RGD-Functionalized polymer brushes as substrates for the integrin specific adhesion of human umbilical vein endothelial cells

Harm-Anton Klok, Paolo Silacci, Nikolaos Stergiopulos, Stefano Tugulu

This report demonstrates the feasibility of surface-initiated atom transfer radical polymerization to prepare thin polymer layers ("brushes") that can be functionalized with short peptide ligands and which may be of use as coatings to promote endothelialization of blood-contacting biomaterials. The brushes are composed of poly(2-hydroxyethyl methacrylate) (PHEMA) or poly(poly(ethylene glycol) methacrylate) (PPEGMA), which do not only suppress non-specific adhesion of proteins and cells but also contain hydroxyl groups that can be used to introduce small peptide ligands.
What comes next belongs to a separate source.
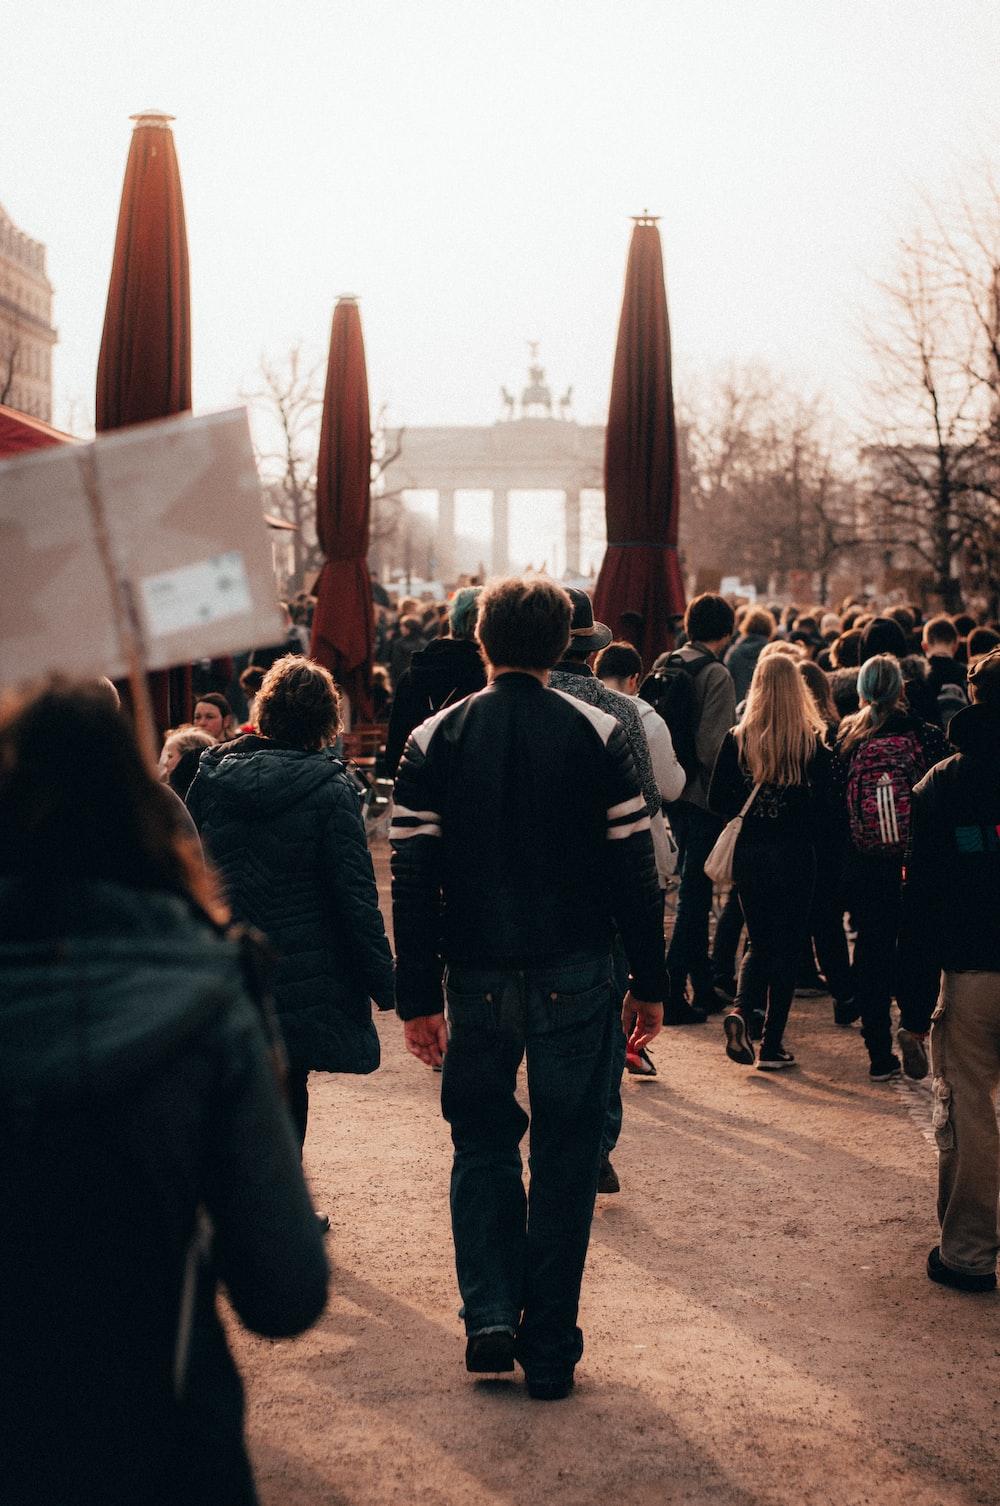 people gathering in open field

A protocol has been developed that allows functionalization of the brushes with RGD containing peptide ligands resulting in surface concentrations ranging from approximately 0.5-12 pmol/cm(2). At peptide surface concentrations >1-5.3 pmol/cm(2), human umbilical vascular endothelial cells (HUVECs) were found to adhere and spread rapidly. A difference in size and morphology of focal adhesions between HUVECs immobilized on PHEMA and PPEGMA brushes was observed. It is proposed that this is due to the increased ethylene glycol spacer length and hydrophilicity of the PPEGMA brushes, which may lead to increased ligand mobility and reduced ligand-integrin affinity. HUVECs immobilized on the polymer brushes were also found to be able to retain homeostasis when exposed to shear stresses that simulated arterial blood flow.